Certains affirment que cette situation découle d’une ingérence historique : les successeurs de nos pères fondateurs (et pourquoi ne parle-t-on jamais des femmes comme fondatrices ?) n’ont pas su se défendre contre les menaces économiques et politiques qui ont frappé la jeune nation dès son indépendance. Cela serait, selon eux, à l’origine de notre dépendance internationale et de notre incapacité à gouverner efficacement. D’autres avancent une thèse différente, celle d’une survivance historique, enracinée dans une lutte linguistique, identitaire et culturelle. Pour eux, ces valeurs pourraient sauver notre alma mater du chaos. C’est une idée séduisante, bien qu’elle soit née d’un traumatisme historique.

« Il n’est d’absolu que l’épitaphe. » 

.— Makenzy Orcel 

 

Nous ne pouvons pas remonter le temps. L’âme de notre société manque d’un idéal sain, d’une conscience collective assez forte pour nous guider à travers les épreuves et les turbulences du néocolonialisme. Et pourtant, notre résilience naturelle demeure un atout précieux, une flamme où pourrait s’allumer une philosophie commune, façonnée par ce que nous rêvons de devenir en tant que peuple. Il nous faut des êtres dévoués, prêts à hisser notre barque hors de l’abîme. Cessons de chercher les coupables de nos souffrances ailleurs. La vérité est là, sous nos yeux, éclatante, mais nous manquons de courage pour la nommer. Sartre parlerait de “mauvaise foi” en d’autres termes. 

 

La littérature ne m’a mené ni à la magistrature ni au marché, mais elle m’a offert l’immense privilège de voyager, de vivre intensément le présent, de ressentir le poids funeste du chemin tracé pour nous. Elle m’a ouvert la porte de l’essence même de tant de valeurs qui semblent parfois nous échapper en tant que individus : le devoir civique, le savoir-vivre, le respect mutuel, la bienséance, le soutien social, et ce « aime ton prochain comme toi-même » que nous chérissons de loin. Ces valeurs, ensemble, sont le fondement de notre évolution sociale, le ciment d’une véritable cohésion nationale.

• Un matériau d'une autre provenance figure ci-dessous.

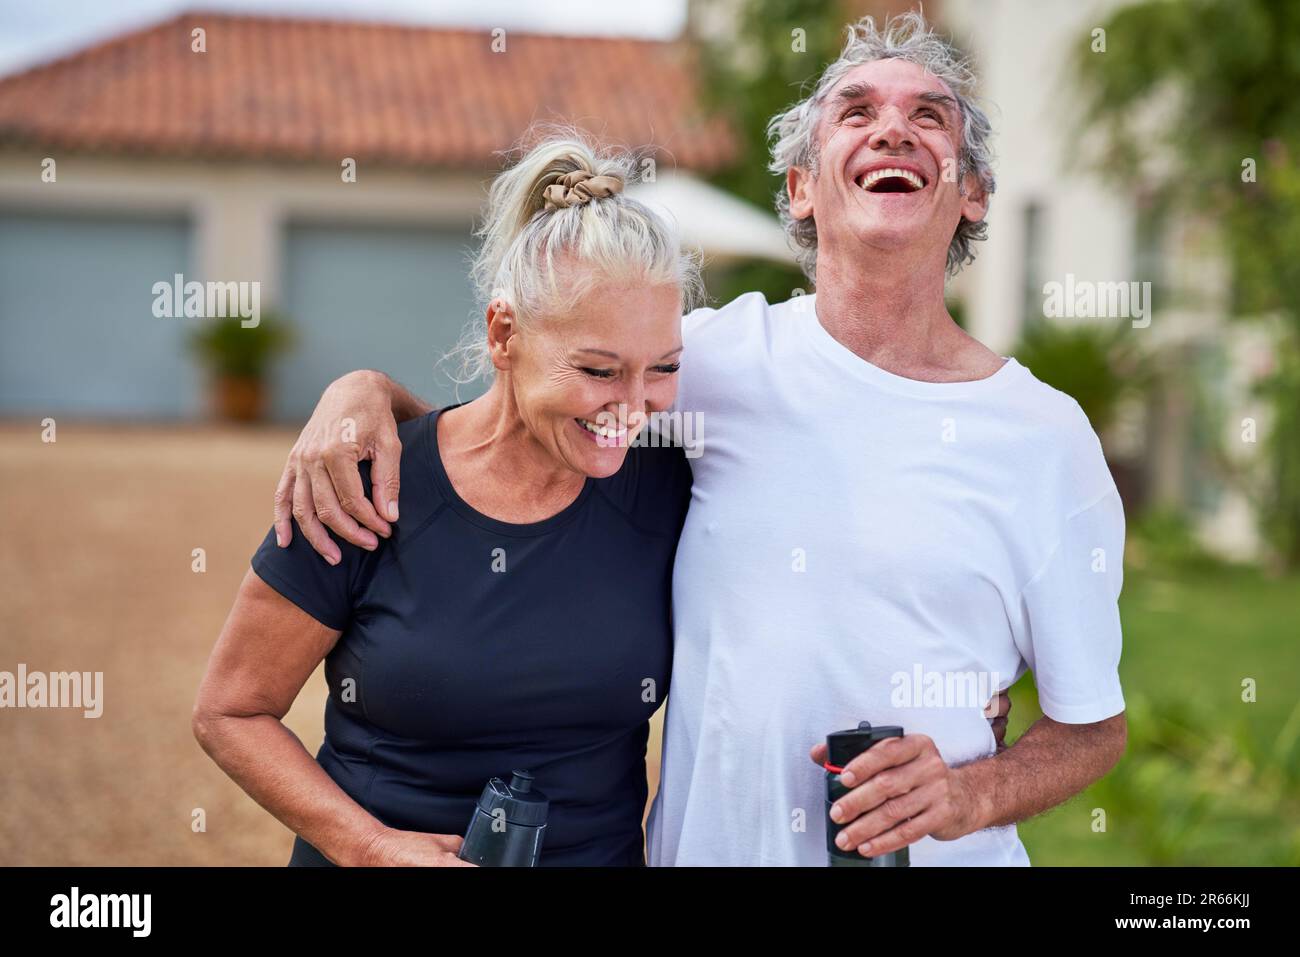 Happy, carefree senior couple with water bottles laughing Stock Photo

Remettre cela en question, c’est interroger l’essence même de l’Haïtien moderne. Aujourd’hui, presque plus personne ne croit à l’élévation de notre pays, quel que soit son âge. Pour la majorité, partir, s’éloigner de cette terre, apparaît comme la solution la plus sensée. Mais face aux réalités humaines des fils et des filles nés sous ces couleurs, l’exode ne peut être la réponse idéale à nos crises sociales.

Après avoir tout perdu, que nous reste-t-il encore ? En repensant au titre marquant du roman de Louis-Philippe Dalembert, Le crayon du bon Dieu n’a pas de gomme, il est clair que l’histoire ne s’achève pas ici. Nous avons encore la possibilité de la (ré)écrire, de (re)construire ce qui nous a été arraché par le sang.